Goal of guilty plea in balloon boy case: Mom won't be deported
Richard Heene will plead guilty to the most serious charges in the balloon boy hoax to ensure that there is no chance his wife, Mayumi, will be deported to Japan, the family's lawyer says.
Richard and Mayumi Heene, the parents of the boy falsely reported to have floated away in a homemade balloon last month, will plead guilty in a deal to ensure Mayumi, a Japanese citizen, averts the possibility of deportation that any felony conviction could bring, according to news reports Thursday.
Mr. Heene will plead guilty to the more serious felony charge of attempting to influence a public servant, the Associated Press reports, while his wife, Mayumi, will plead guilty to false reporting to authorities, a misdemeanor.
Prosecutors have reportedly agreed to allow the Heene couple to serve probation sentences.
The balloon boy tale began Oct. 16, when the Heene parents called authorities in an apparent panic about their six-year-old son. They said he had floated away in a helium balloon that had been tethered down in their Fort Collins, Colo., backyard. The ensuing spectacle transfixed much of America, as TV channels switched to live footage of the silver balloon rushing through the air, and police cars following on the ground below.
The drama continued after the balloon landed in a field 50 miles away – with no boy inside. Police and firefighters then began a massive search to find the boy, Falcon, who emerged a few hours later from the attic of his garage.
Relief soon turned into suspicion. At first, Falcon had said he hid to avoid being reprimanded for letting the balloon loose. That explanation punctured in a family appearance on "Larry King Live" that same night. On the show, when Falcon was asked whether he had heard his parents calling for him, the boy looked at the father and blurted, "You guys said we did this for the show."
Local police then questioned the family again and announced that the whole story had been a hoax perpetrated by the parents to get publicity in the hopes of landing their own reality TV show.
The Heene family had earlier appeared on ABC's reality show "Wife Swap," and Richard Heene, a storm chaser, was said to have wanted a show of his own called "The Science Detectives" or "The Psyience Detectives." (After the incident, Lifetime Television channel decided to yank from its fall schedule the rerun episode of "Wife Swap" featuring the Heenes.)
"It was done with the hope of marketing themselves for a reality TV show in the future," Larimer County Sheriff Jim Alderden said. The most serious charges the sheriff recommended would have carried a maximum sentence of six years imprisonment.
It was Mrs. Heene who admitted the incident was a hoax, according to reports.
"Unfortunately, the prosecutors insisted upon a package deal where Richard would have to fall on his sword and take a felony plea despite the fact that he made no incriminating statements to law enforcement, and Mayumi's statements could not be used against him," Lane said Thursday to AP.

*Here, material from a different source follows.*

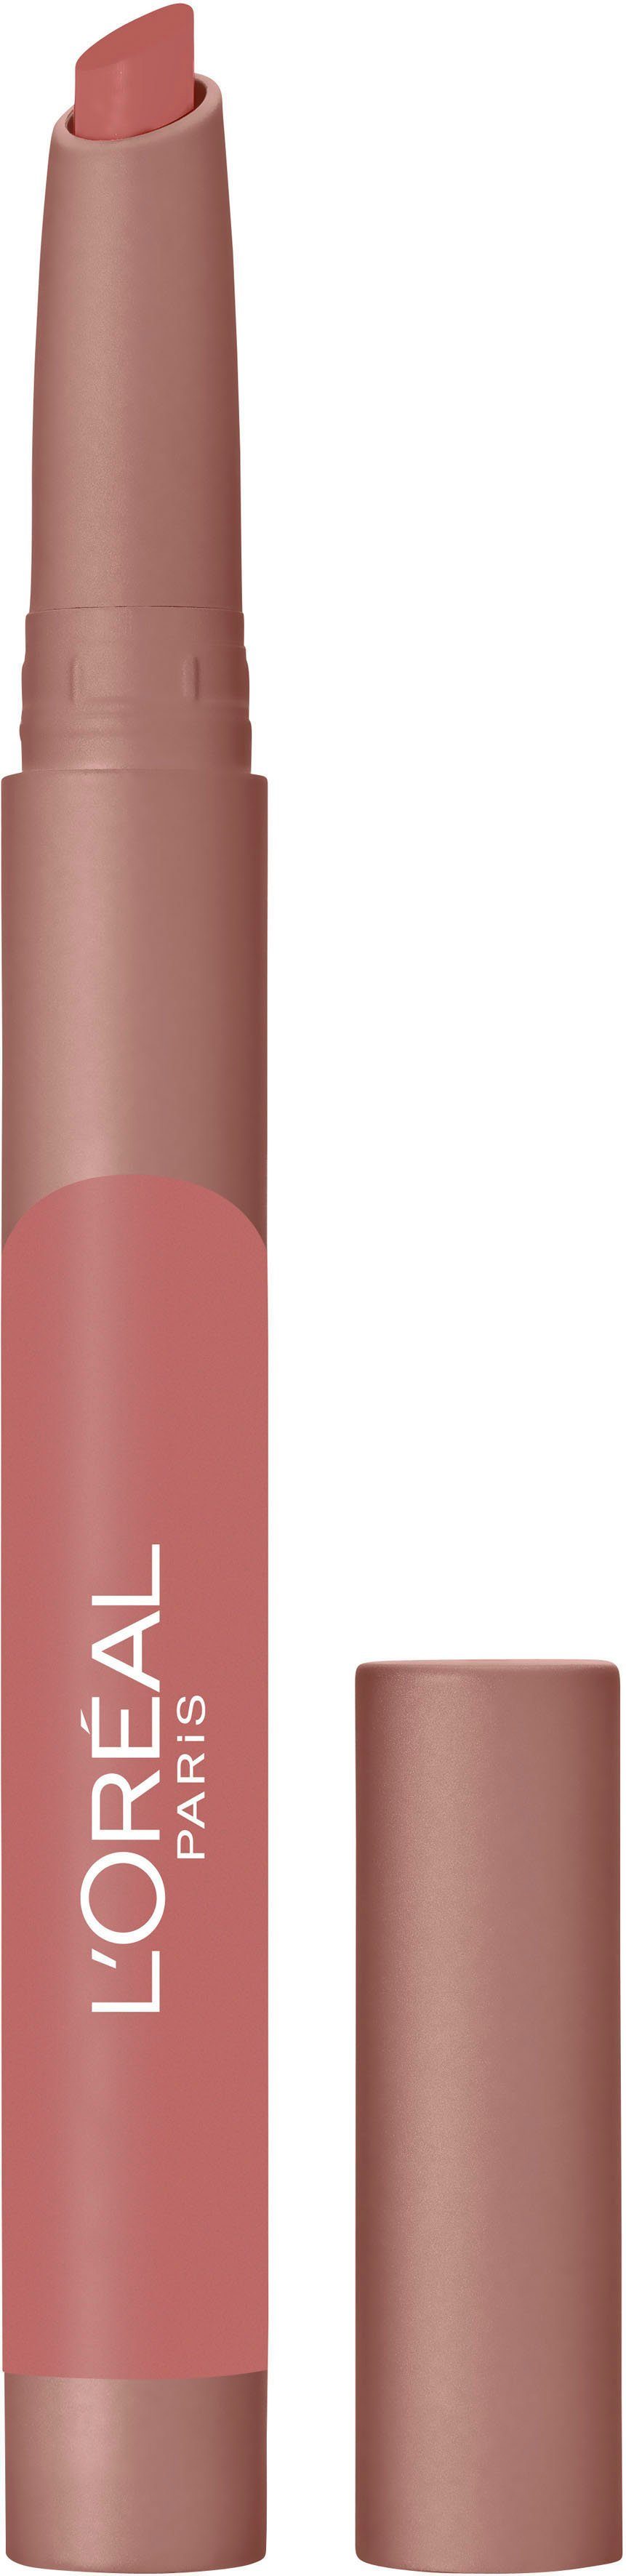 L'ORÉAL PROFESSIONNEL PARIS L'ORÉAL PARIS Lippenstift Infaillible Matte Lip Crayon 102 Caramel Blondie | Lippenstifte

Without a deal, Richard could have gone to trial and been acquitted but Mayumi might have ended up being deported, Lane said. "That was not an acceptable risk, thus these pleas."
Heene's lawyer criticized the sheriff for violating privacy laws by disclosing at his press conference that child welfare workers were involved in the investigation. But news reports Tuesday said that Boulder County's district attorney had decided no criminal charges are warranted against the sheriff.